Alternatively, scrutiny of your policy paperwork may reveal that it promises a guaranteed minimum growth rate or a guaranteed minimum fund value. Again, such guarantees are usually on older, traditional with-profits plans, Thornton-Smith noted.
“Even if there is no guaranteed growth rate many modern ‘unit-linked’ endowment plans will at least guarantee that the unit price will not fall, which again offers some peace of mind, even if the upside potential of the investment is limited,” he said.
But while such benefits could settle the argument in favour of sticking with your investment, they may well be buried deep in the policy documents.
If you’re considering your options, it could pay to do your homework.
First dust off any old policy documents and check the terms and conditions for possible benefits and guarantees.
Also, read your most recent statements, which will tell you the current surrender value of the policy. This includes the current value of all the annual bonuses added to date, plus the current value of the terminal (or final) bonus, although it’s often, unhelpfully, given as a projection of their value at maturity.
Independent financial advice is highly recommended when working out what to do with your with-profits plan. If you do decide to surrender, an adviser is also best placed to put together an alternative investment.
CHECK THE SMALL PRINT
What to do when you get your annual with-profits statement: Read it thoroughly and check you understand every section. Many statements include a glossary of terms to explain the wording used. Remember why you took the policy out:
• If your policy is an endowment, was the maturity payment to cover a specific purpose such as repayment of a mortgage?
• If it’s a pension policy, look at the projected pension payment on retirement and see if it covers your retirement needs.
• If the policy no longer meets your needs, have you made additional provisions such as changing your mortgage into a repayment one or increasing your pension contributions/made other financial arrangements for your retirement?
If you are thinking of surrendering your endowment policy or moving your pension:
• Contact your provider for a projection to see what your policy might be worth at retirement or maturity.
• Check you don’t have valuable guarantees in place such as maturity guarantees, guaranteed annuity rates and market value reduction (MVR) free dates, which only pay out once the policy matures or when it is converted into an annuity.
• You may also have the opportunity for a good final/ terminal bonus. For many policies, the bonus at the end could be considerable and could be worth hanging on for this.
Check if the policy includes life cover. The policy could include a valuable life insurance benefit which would be lost if the policy is cancelled. This is particularly important for consumers in poor health who may struggle to get a new life insurance policy elsewhere.
Does the policy have an MVR-free date? Some policies have these built into the terms and conditions which means they can be cashed in without having to pay an MVR.

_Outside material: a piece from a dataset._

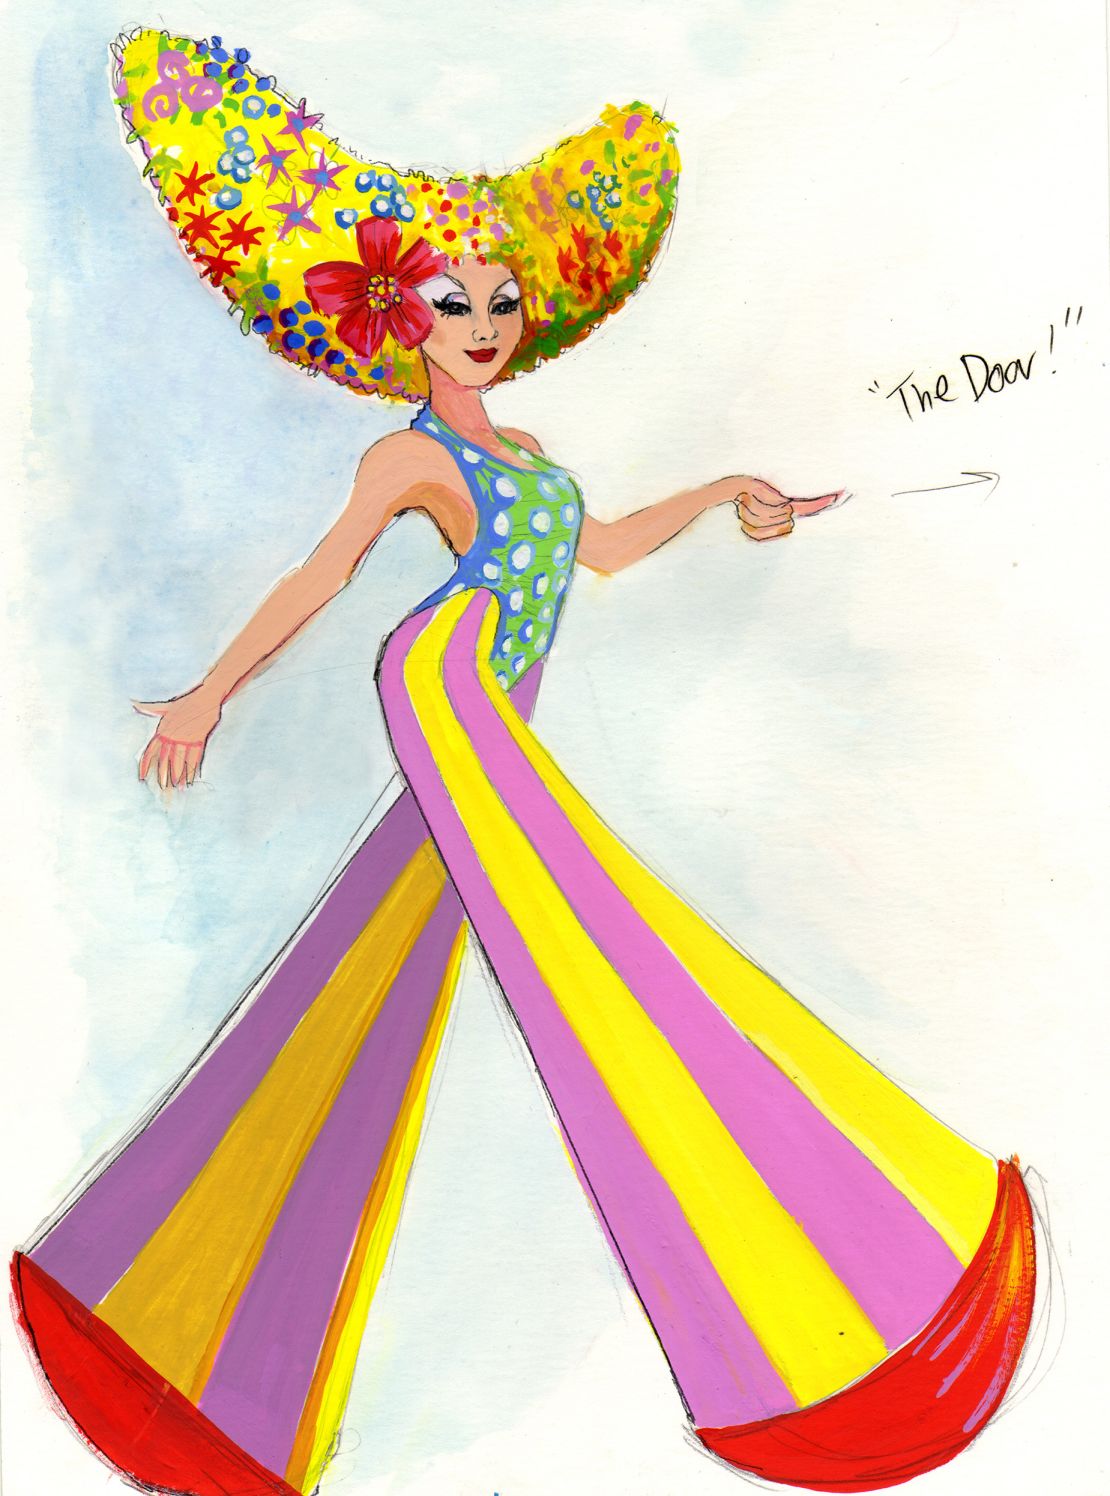 Tim Chappel's costume sketch shows the origins of the floral headpieces and flat-bottomed outfit worn by the principal trio during their performance of 
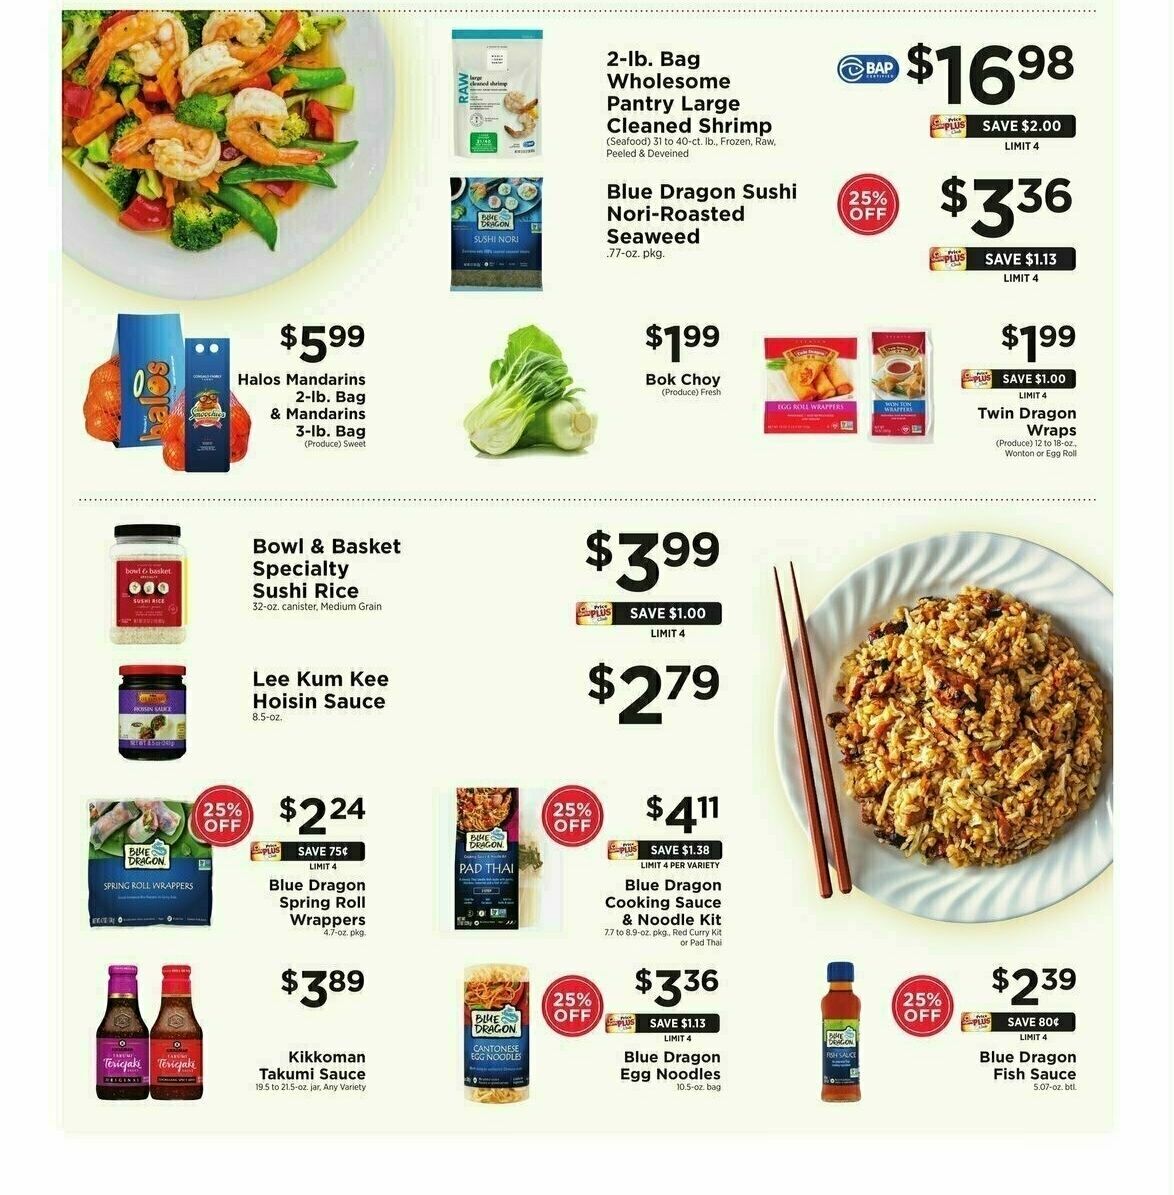 ShopRite Lunar New Year Weekly Ad from February 2

Are there any tax implications which will reduce the amount you receive on surrender? As an alternative, find out if you can leave the policy paid up where you don’t pay any more premiums but it remains invested in the fund and some life insurance benefits are received. Or consider selling it to a “second-hand” market maker.
Make sure your personal details such as name and address are up to date so the insurance firm can let you know when the policy matures and provide essential information about the policy. Don’t forget to inform your insurance firm when you move home.
If you haven’t received a statement for some time, contact your provider – it may be that they don’t have your most recent details.
If you have any questions about your statement, speak to the provider and preferably seek independent financial advice.